Although every household in
the small Alaskan community that I grew up in was equipped with a rifle, it was
a tool of last resort, used to bring in food when supplies ran low. Although
people traveled on foot and by dog sled, a rifle wasn’t usually what was
carried on a pack-board. Between wild beast and mankind existed a form of
peaceful coexistence, unless the animals were in rut, or with offspring, or needed on family dinner plates. Then all bets were off.
Scotty, a
quiet, gentle family friend whom I adored, ran an eleven-mile trap line in the woods near
his cabin outside of what was with some exaggeration called “town.” He was on
the trail when a bull moose came out of nowhere and charged his team of four
dogs. The dogs, three-year-old litter-mates and no pushovers, went for the
moose, fangs bared, while Scotty, who carried only a hunting knife with him,
grabbed a chain that he used in the traps and joined the dogs in their battle.

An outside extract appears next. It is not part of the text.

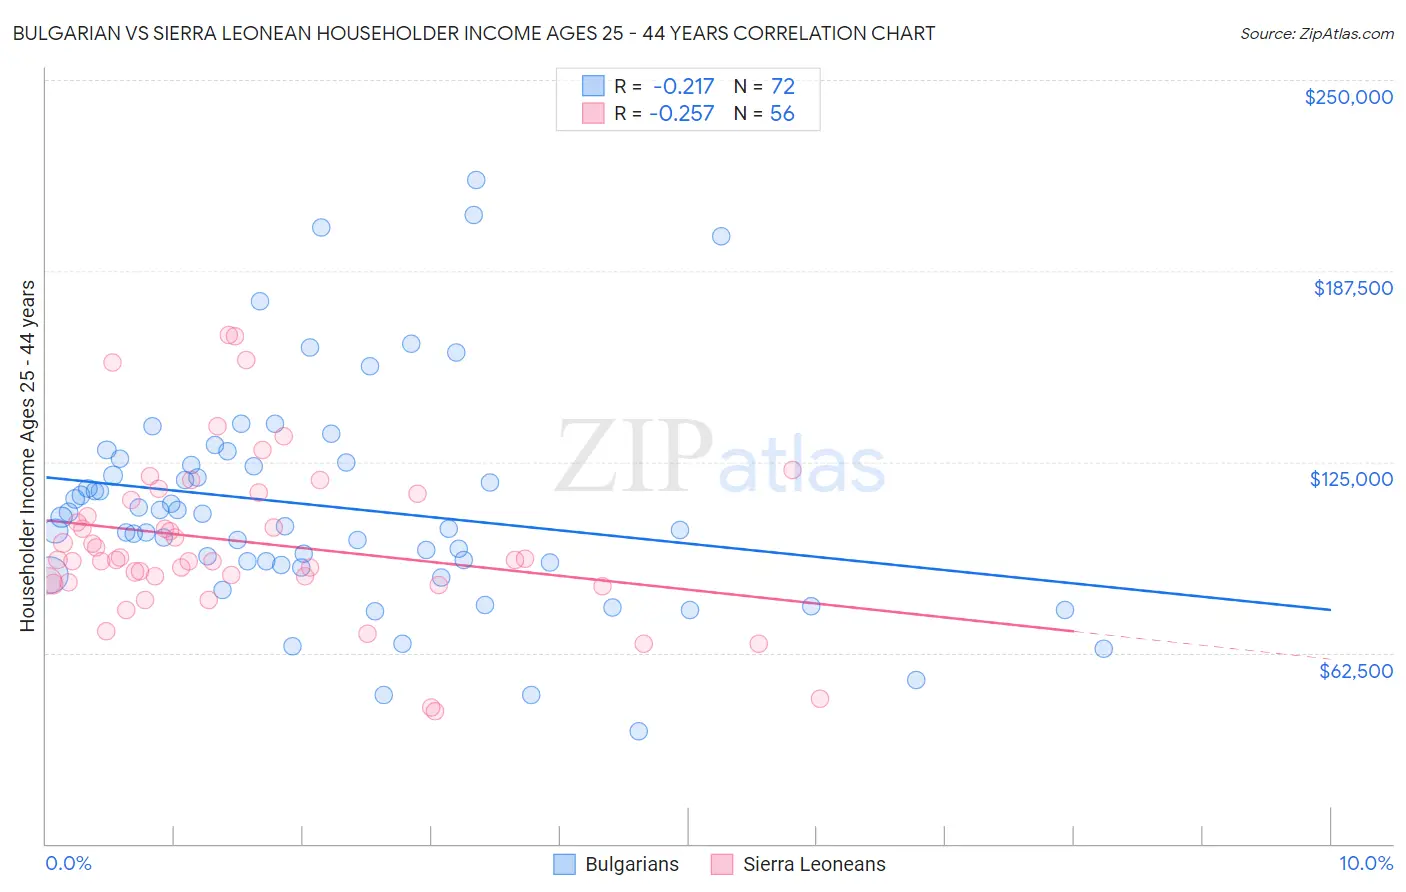 Bulgarian vs Sierra Leonean Householder Income Ages 25 - 44 years

The moose backed off and then came back in a second charge, kicking viciously
at the dogs and leaving deep head gashes on two of them.
At this point the story
takes on Paul Bunyanesque proportions. Scotty made a noose in the chain,
managed to throw it over the moose’s head, pulled the makeshift lasso tight,
and tied it to a tree. He drove his dogs a safe distance from the attack scene
and went back to release his captive. He couldn’t reach the chain to untie it because the moose was in full panic mode, thrashing about in unsuccessful escape
attempts.
With two of his dogs badly
hurt, Scotty had to walk back to his nearest neighbors for assistance and four
men returned with him to unchain the moose. A rifle wasn’t deemed necessary. One of the group lassoed a hind leg with an easily removed
half-hitch knot while the others freed the moose from the tree and eased the chain
over its neck. Once liberated, the moose charged the group again; they fought it
off with the chain until it gave up and disappeared into the woods at last.
Scotty and his friends
estimated the moose was around 900 pounds, full grown and uncharacteristically
aggressive. It was “on the prod” because of the hard crust of ice that had
formed on the snow and turned dagger-sharp when weight broke through it. With bleeding cuts from
that crust, the moose was in a bad mood and Scotty and his dogs were the nearest
target that it could find.
The dogs recovered from
their wounds and Scotty decided perhaps carrying a rifle on the trail might be
a good idea from now on. “You know,” he told a big city reporter from the Anchorage Times, “’that
moose could have been a big bull.”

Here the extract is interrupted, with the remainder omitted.